For 1), I blasted my UDP stream between the two PCs connected via ethernet cable, and confirmed that both transmitter and receiver are able to transmit/receive these microsecond-separated packets (i.e., zero losses at receiver).
I don't have wlan_exp in place for 2), but did a variant of suggestion 3) to achieve a similar result. I used a 3rd WARP board running a custom "RSSI-sampler" design to sniff the (almost private) Wi-Fi channel my SRC and DST boards are communicating on and plotted the results below:
I'm now transmitting five 1118-octet 802.3 frames over the air every 700us (left plot) and every 500us (right plot). The sample points are 100us apart and the vertical axis shows RSSI readings.

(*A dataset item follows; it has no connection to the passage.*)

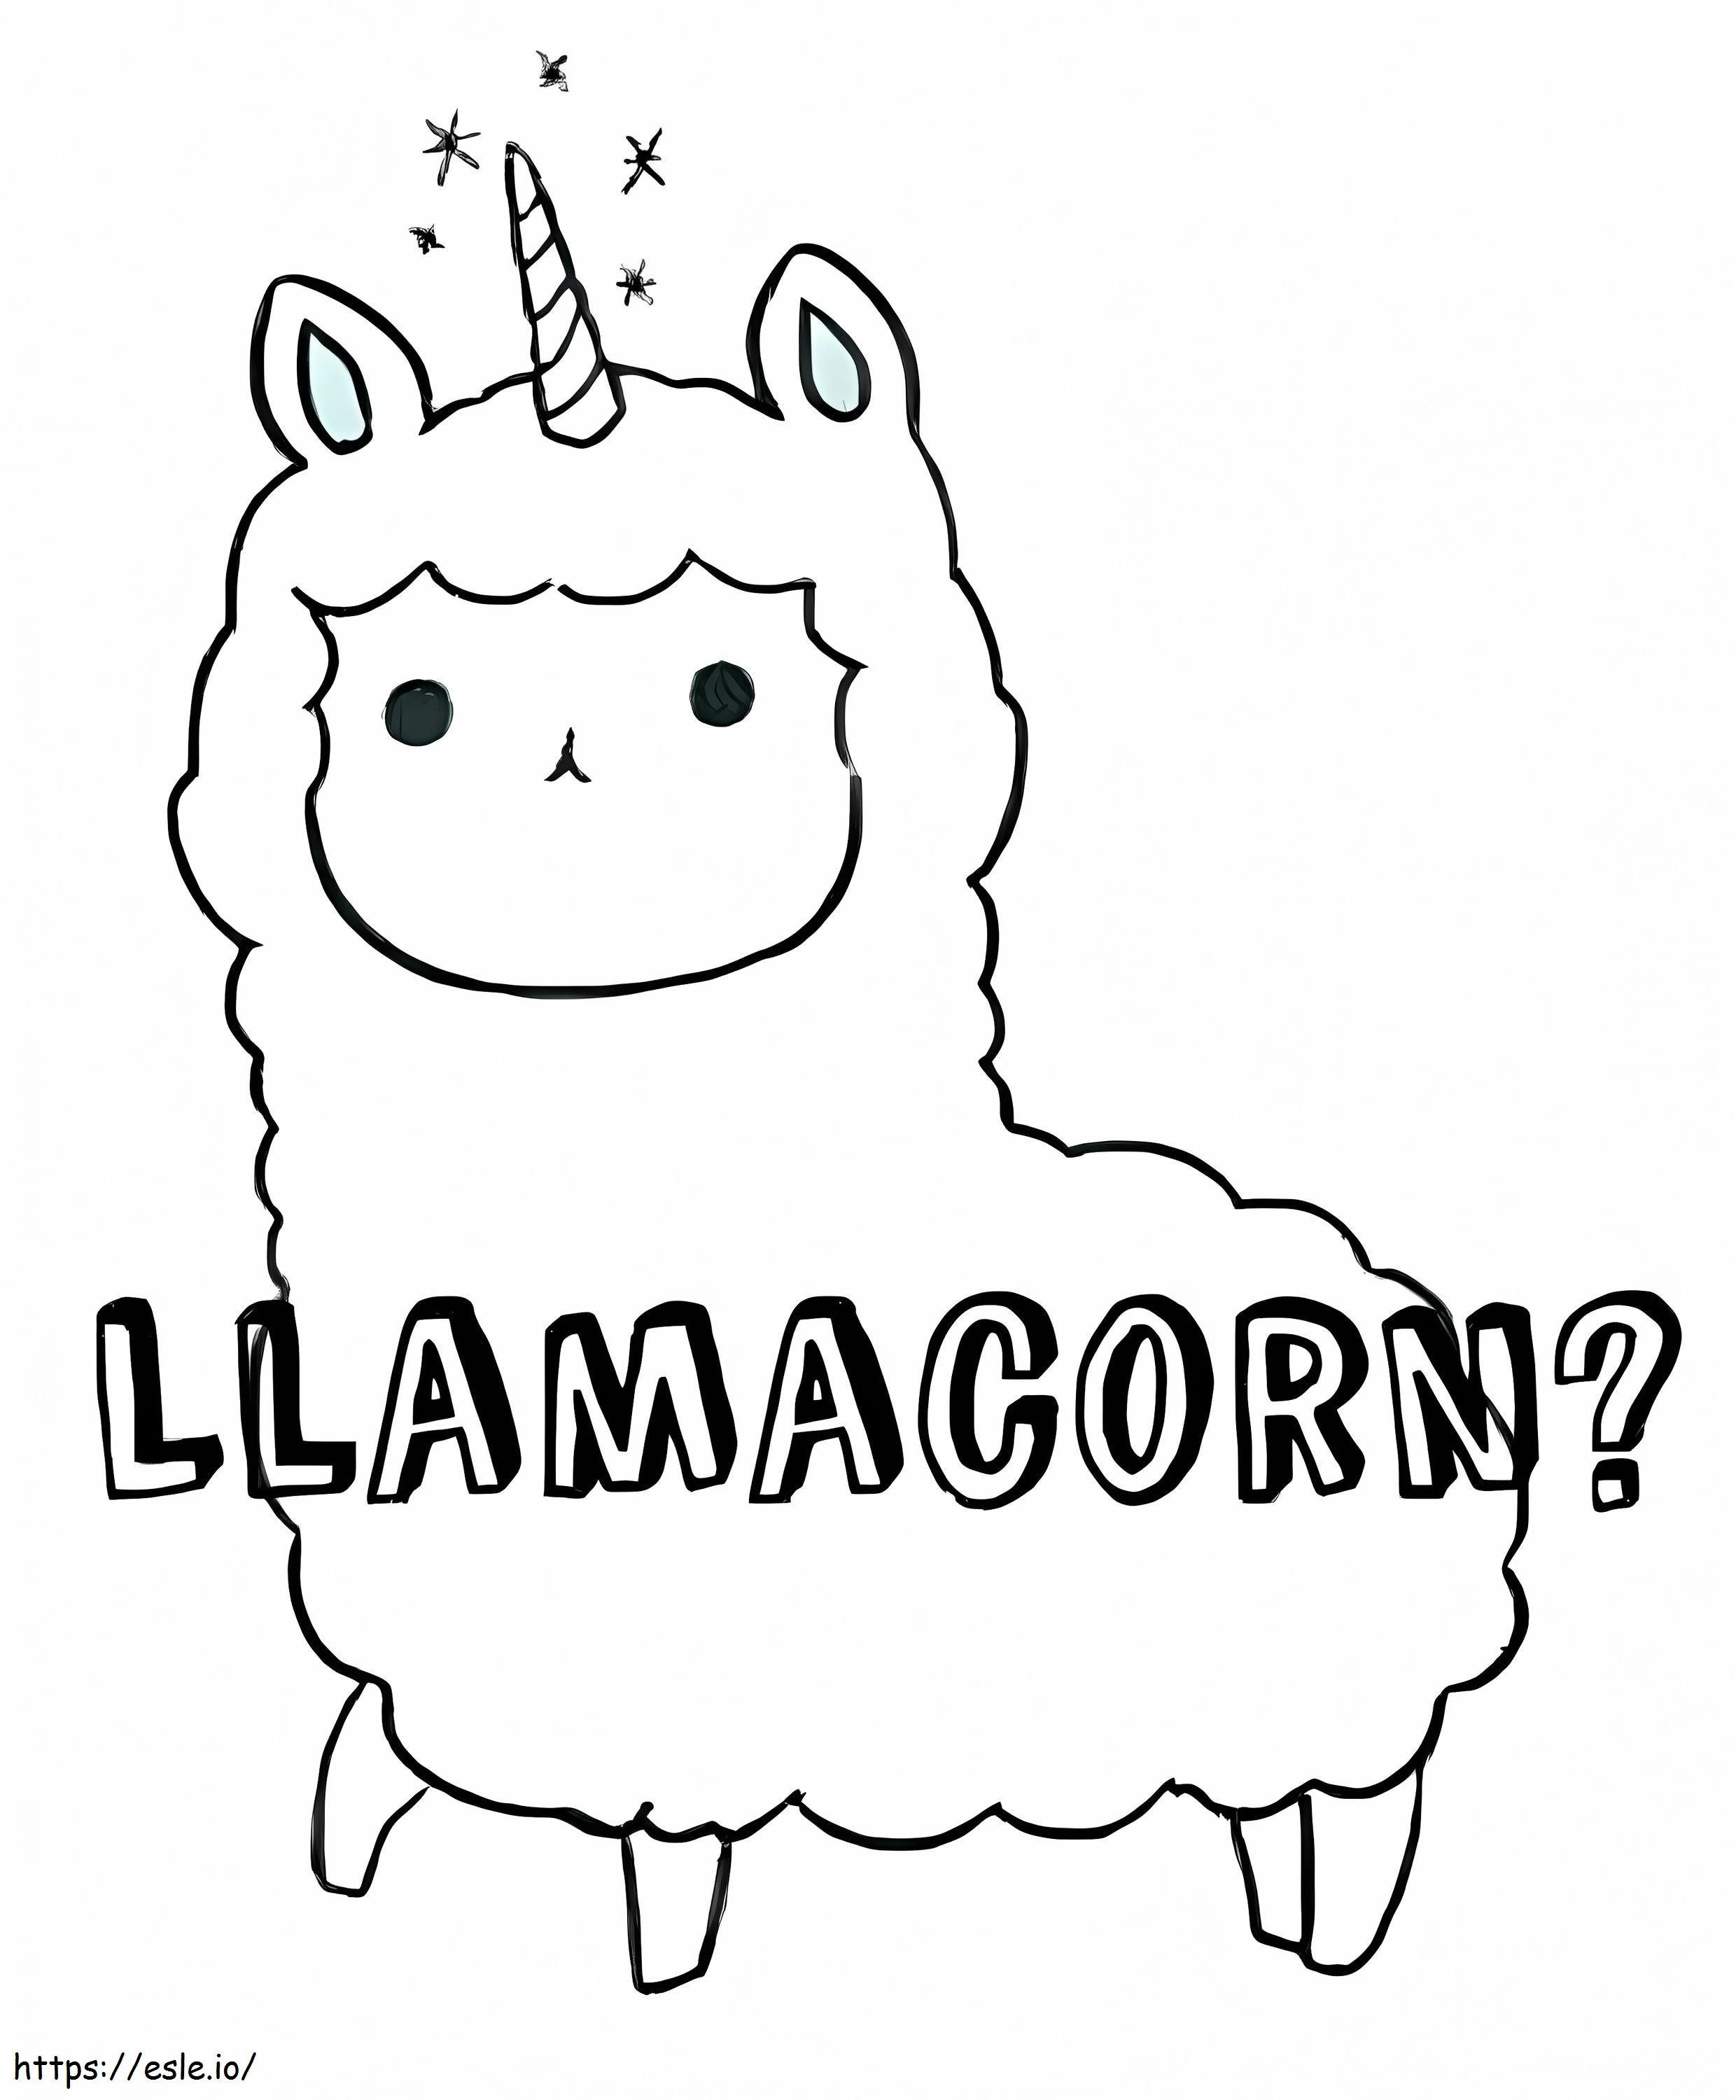 Adorable Llamacorn coloring page

The left plot shows five distinct packets. Each packet consists of 3-4 sample points, resulting in a total of ~18 "high" RSSI values. In this case the receiver PC successfully obtained all 5 UDP packets.
The right plot also shows ~18 "high" RSSI values. However, they appear more bunched together. For the measurement on the right the receiver PC only successfully obtained 3 UDP packets (of the 5 transmitted). The 1st, 2nd and 4th packets were successfully received.
Since the number of "high" RSSI points are identical (i.e., 18), I believe that the five packets are indeed being transmitted in both cases. However, the issue now seems to be that they sometimes appear to be concatenated (viewed with my 100us sample-rate resolution) which might be the problem.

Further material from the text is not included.